The medical records of all patients who were discharged with the diagnosis of spontaneous pneumothorax from 1997 to 2007 were reviewed. The demographic data and management were noted. For those patients who underwent thoracoscopic surgery, the intra-operative findings, post-operative outcomes and complications were compared.

RESULTS

A total of 15 patients with spontaneous pneumothorax were identified. They all received chest drain insertion as the primary treatment modality. Nine patients, with mean age 16.1 +/- 0.9 years, failed the initial management and subsequently received thoracoscopic surgery with a mean interval of 7.6 +/- 2.5 days after initial chest drain insertion. Among these patients, bullae were found in seven patients (two patients had more than one bulla). The bullae were excised with mean operative time being 63.9 +/- 25.2 min. No conversion to thoracotomy was reported. All patients received paracetamol as pain control and there was no associated complication. No recurrence was found at follow-up till now.

CONCLUSION

This study confirms that the presence of bulla is commonly seen in patients with spontaneous pneumothorax who fail initial management. Thoracoscopic bullectomy, a safe and effective operation, should be offered to this group of patients.

摘要

引言

原发性自发性气胸若处理不当会导致严重的发病率和死亡率。开胸肺大疱切除术一直是初始胸腔闭式引流后持续漏气或复发的首选治疗方法。随着微创手术的发展,胸腔镜手术可显著减少开胸手术的并发症。我们回顾了我们使用胸腔镜治疗儿童自发性气胸的经验。

材料与方法

回顾了1997年至2007年所有出院诊断为自发性气胸患者的病历。

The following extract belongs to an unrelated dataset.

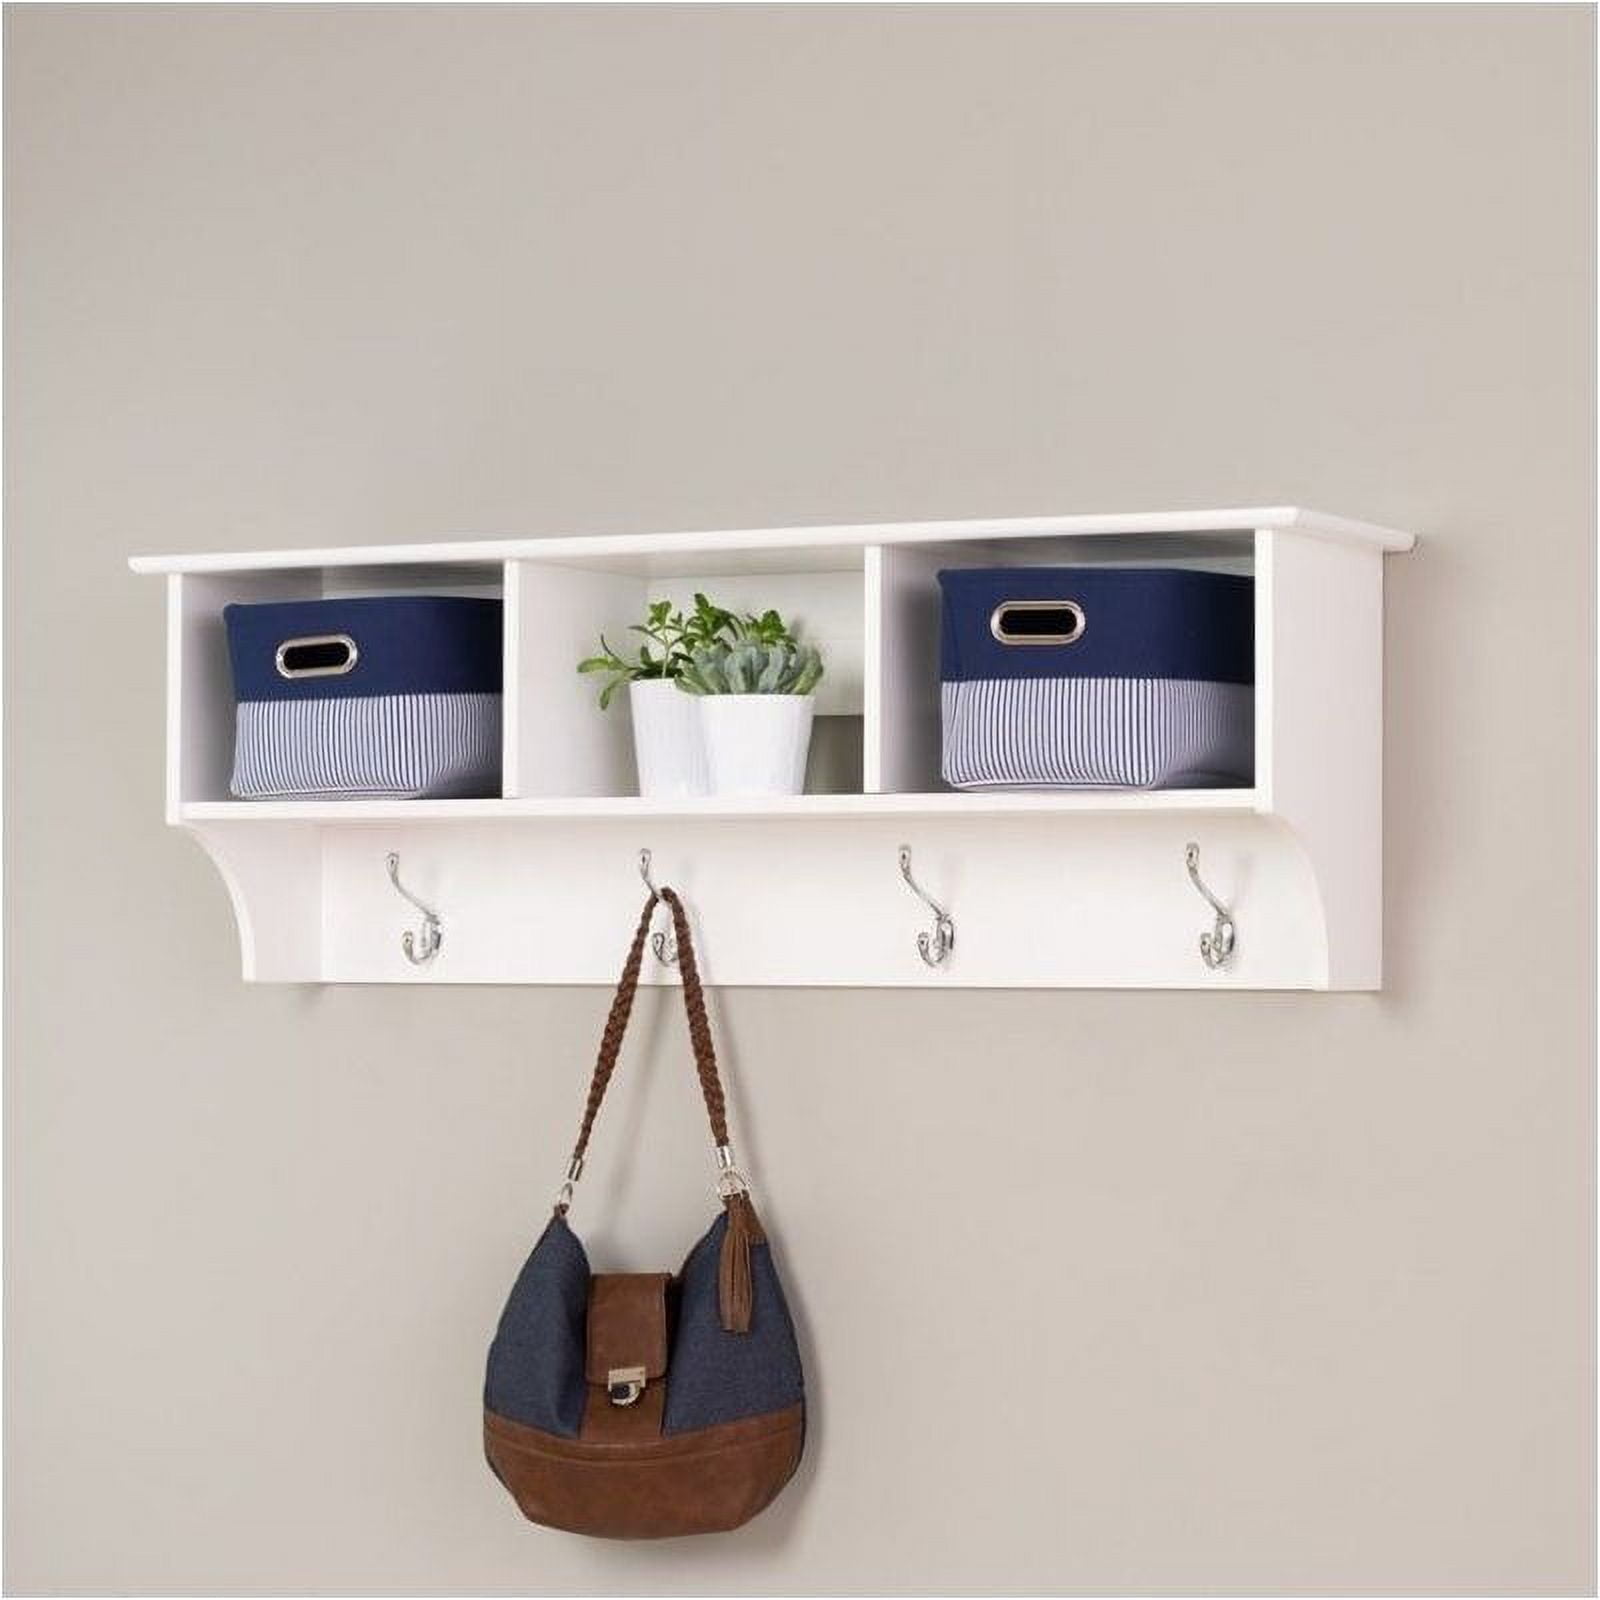 Wall Cubby Storage Unit Coat Rack Shelf with 3 Cubby Holes For
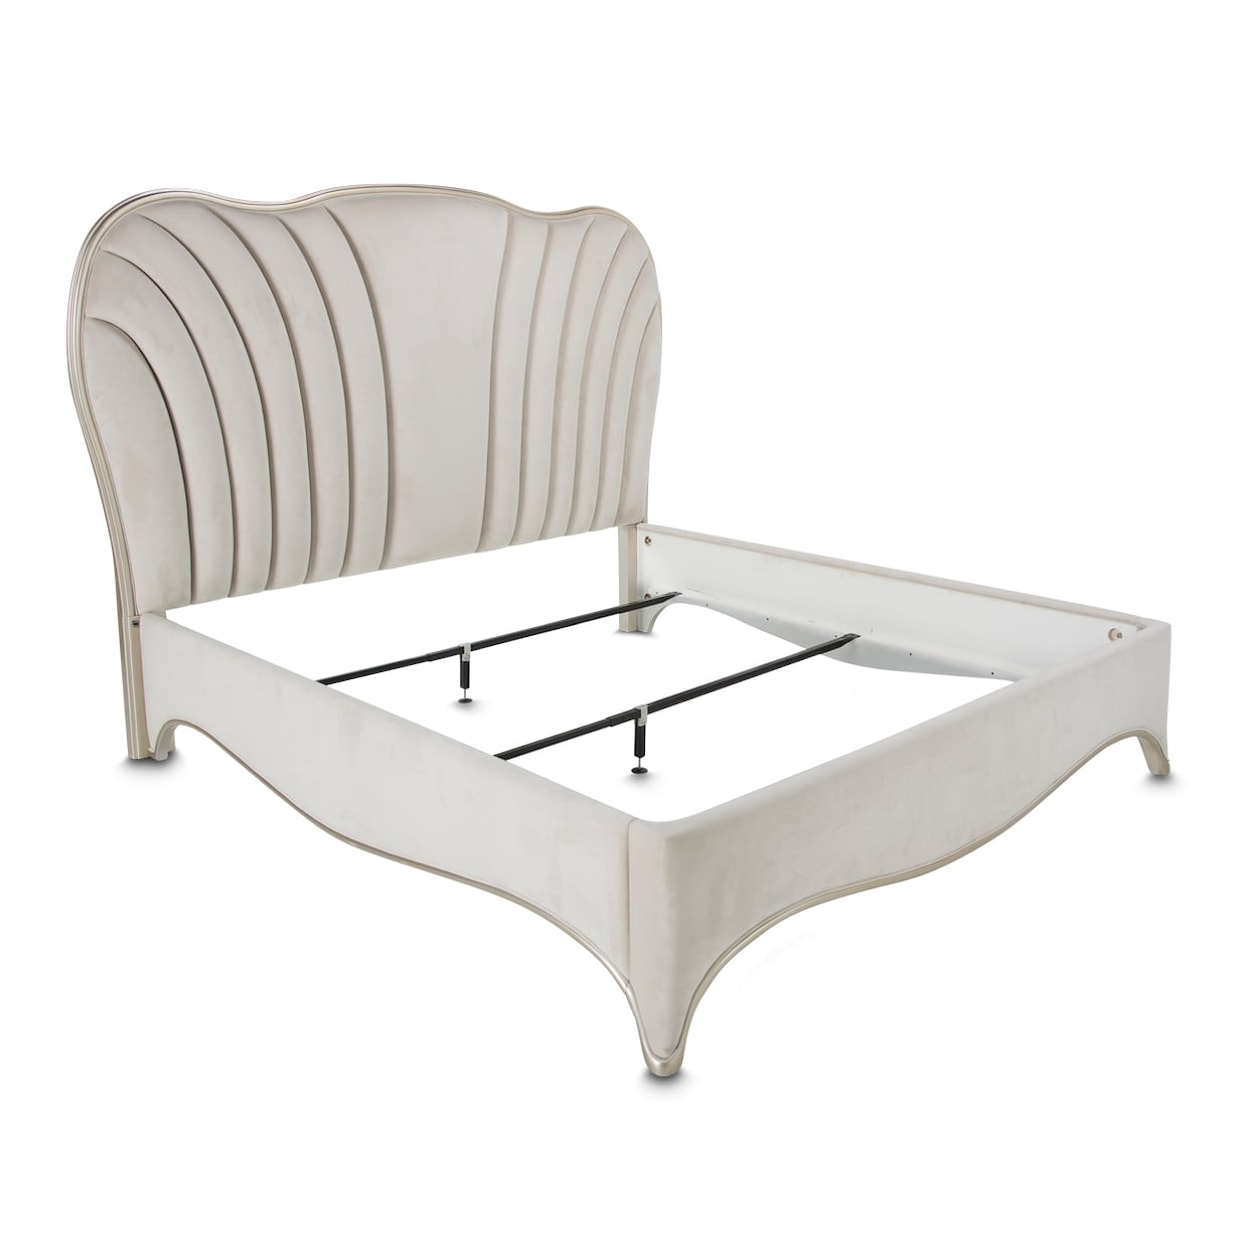 Michael Amini London Place Upholstered Queen Scalloped Bed

记录人口统计学数据和治疗情况。对于接受胸腔镜手术的患者,比较术中发现、术后结果和并发症。

结果

共确定15例自发性气胸患者。他们均接受胸腔闭式引流作为主要治疗方式。9例患者,平均年龄16.1±0.9岁,初始治疗失败,随后接受胸腔镜手术,距初始胸腔闭式引流平均间隔7.6±2.5天。在这些患者中,7例发现肺大疱(2例有多个肺大疱)。切除肺大疱的平均手术时间为63.9±25.2分钟。未报告中转开胸情况。所有患者均使用对乙酰氨基酚控制疼痛,无相关并发症。随访至今未发现复发。

结论

本研究证实,初始治疗失败的自发性气胸患者中常见肺大疱。对于这组患者,应提供胸腔镜肺大疱切除术,这是一种安全有效的手术。